To compare (validate) the robust solution and the classic (nominally optimal) solution, we may sample new combinations of the environmental inputs; i.e., we replace the old LHS combinations by new combinations, because the old combinations favor the robust solution which uses estimates based on these old combinations.
Note: Using a Bayesian approach to the analysis of the I/O data from simulation, Tan (2014a) first fits a Kriging model to the I/O data, then approximates this Kriging model through a so-called orthonormal polynomial (which is more complicated than the polynomial models that we discussed in Sect. 2.1), and finally uses this polynomial for “functional analysis of variance” or FANOVA (we discussed FANOVA in Sect. 5.8). This FANOVA can decompose \(\sigma ^{2}(w\vert \mathbf{d)}\) (the response variance at a given combination of the decision variables d) into a sum of variances due to the main effects and interactions among the environmental variables e; several sensitivity indexes within the context of robust optimization can be defined. We also refer to Tan (2014b).
Note: EGO (with its EI criterion and Kriging metamodeling, explained in Sect. 6.3.1) may also be used for robust optimization. Actually, Marzat et al. (2013) refers to several publications that extend EGO accounting for a probability distribution of e such that it minimizes a weighted average of the response w over a discrete set of values for these e. Marzat et al. (2013) combines EGO with algorithms for solving the following minimax problem: estimate the combination of d that minimizes the maximum response when the worst combination of e occurs; several test functions are investigated.
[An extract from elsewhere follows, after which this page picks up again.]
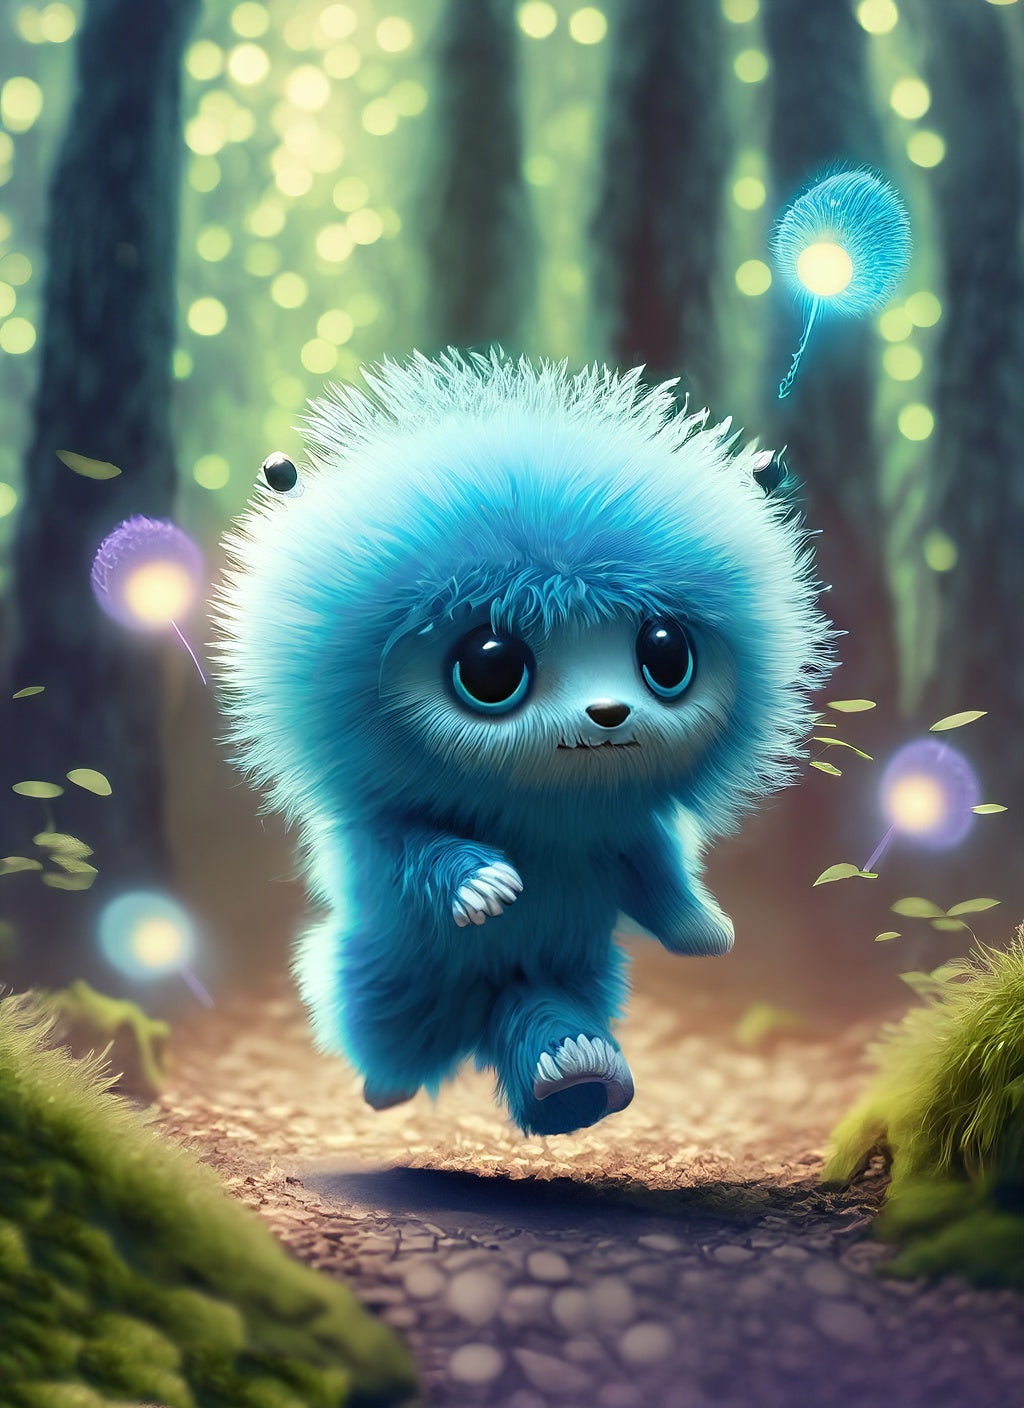 Fluffy Blue Cute Animal Running in A Magical Forest Digital Painting Art Print
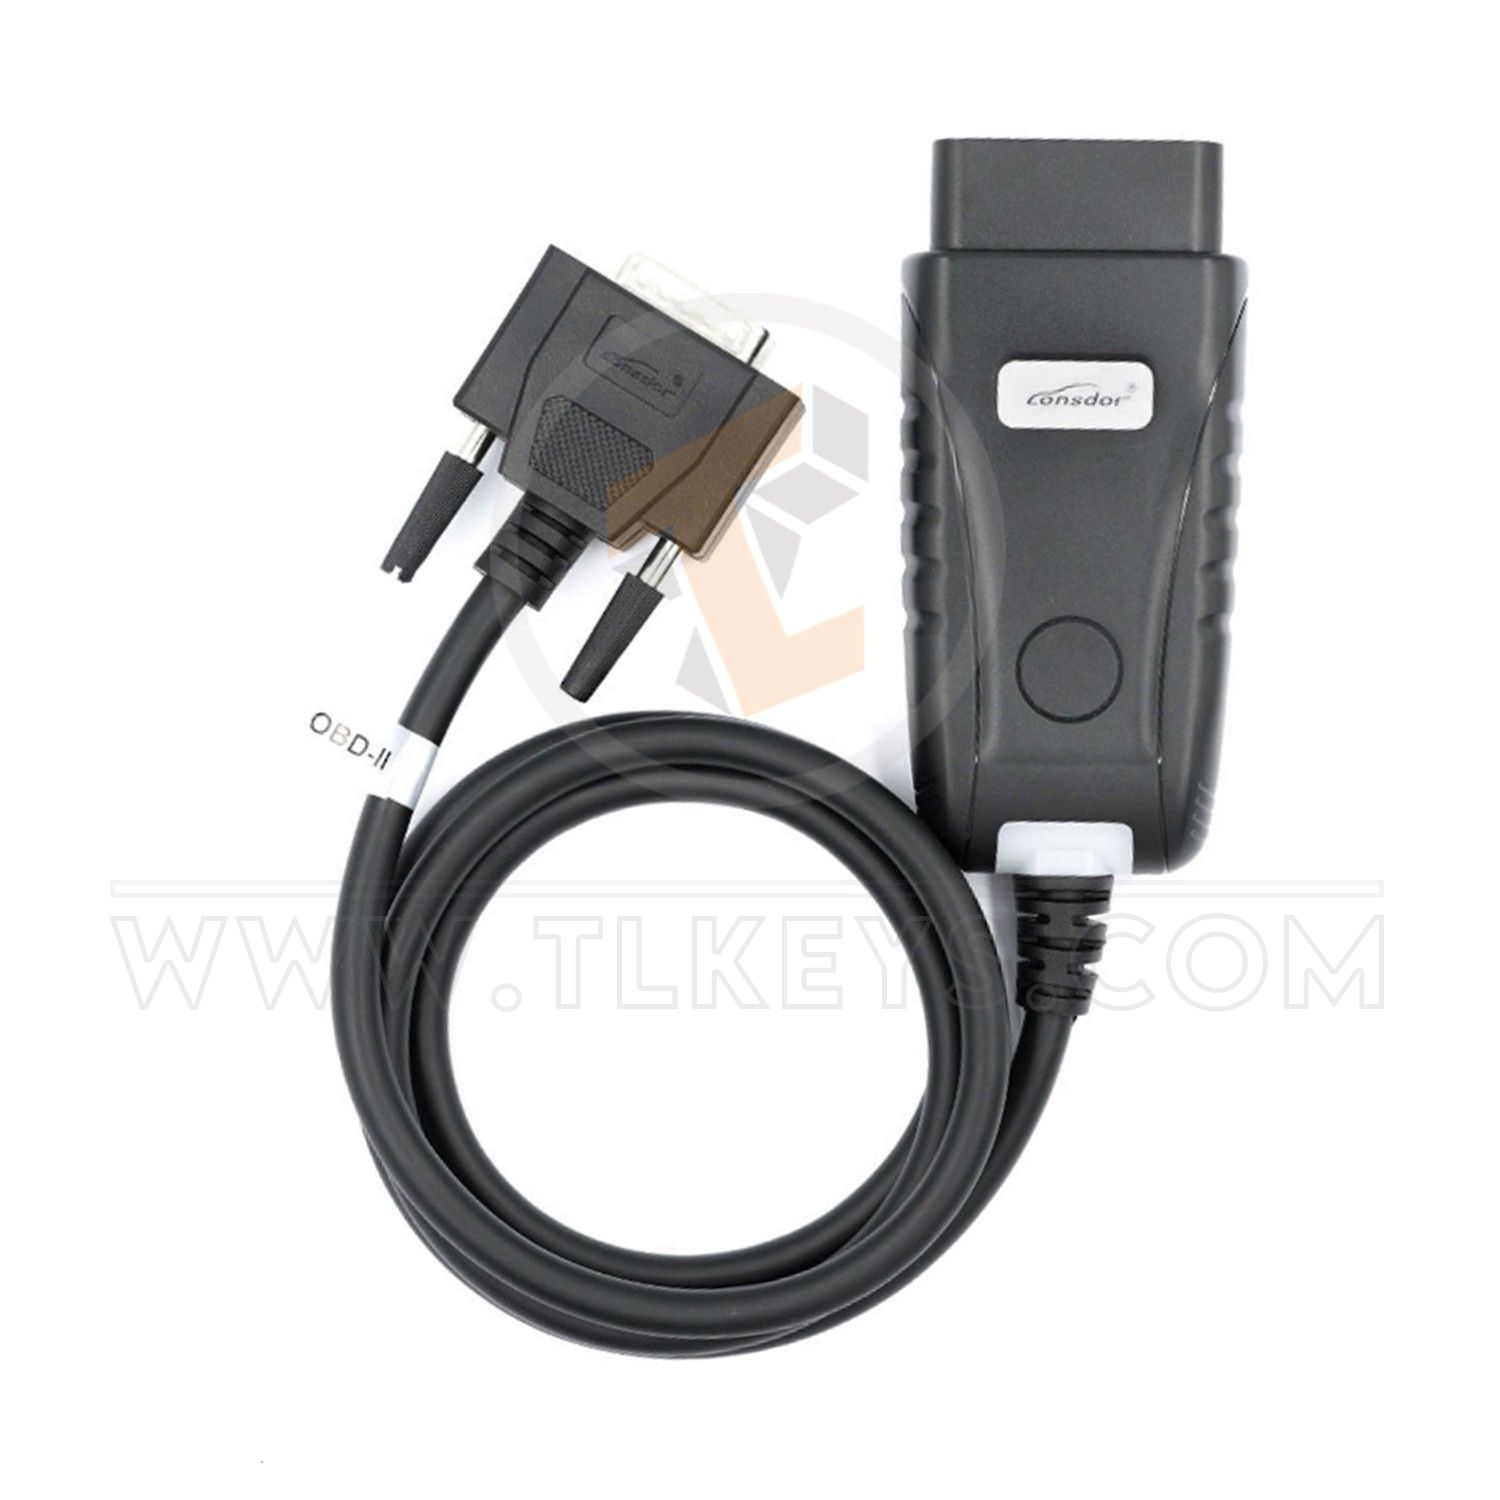 Lonsdor K518 Pro Replacement OBD II Cable Status Aftermarket

Furthermore, Ur Rehman et al. (2014) extends EGO accounting for implementation errors within an “uncertainty set” (see Sect. 6.4.3 below) and estimating the “best worst-case” or “min-max” solution. Janusevskis and Le Riche (2013) also applies Kriging and EGO for robust optimization.
Note: In Sect. 5.6 on stochastic Kriging (SK) we have already mentioned that the simulation response may be a quantile, which may be relevant in chance-constrained (probabilistically constrained) optimization. Simulation optimization with probabilistic constraints—namely, min E(w 0) such that P(w 1 ≤ c) ≥ p—is discussed in Andrieu et al. (2011) and Sakallı and Baykoç (2011); we also refer back to the references on EGO adapted for chance-constrained optimization in Sect. 6.3.1, and Eq. (6.35) in Sect. 6.3.2 on KrIMP. Stochastically constrained optimization in a R&S context is discussed in Hong et al. (2015). We also refer back to the “expected shortfall”, discussed in Sect. 6.4.1 (last Note in that subsection) including references to Broadie et al. (2011) and Sun et al. (2011); those references and also Chen and Kim (2014) and Gan and Lin (2015) use nested simulation, which should be distinguished from the crossed designs—as we briefly discusses in the Note after Eq. (6.39). Furthermore, NLP may be replaced by some other optimizer; e.g., an evolutionary algorithm. Finally, we may also apply Dellino et al. (2012)’s methodology to random simulation models, replacing ordinary Kriging (OK) by stochastic Kriging (SK) or stochastic intrinsic kriging (SIK); see the discussions on SK and SIK in Chap. 5 Yin et al. (2015) use simulation of finite element models with uncertain environmental inputs. This simulation is followed by univariate Kriging metamodels. These metamodels are the inputs for a multicriteria optimization problem that combines the means and standard deviations of the multiple simulation outputs. This problem is solved through particle-swarm heuristics.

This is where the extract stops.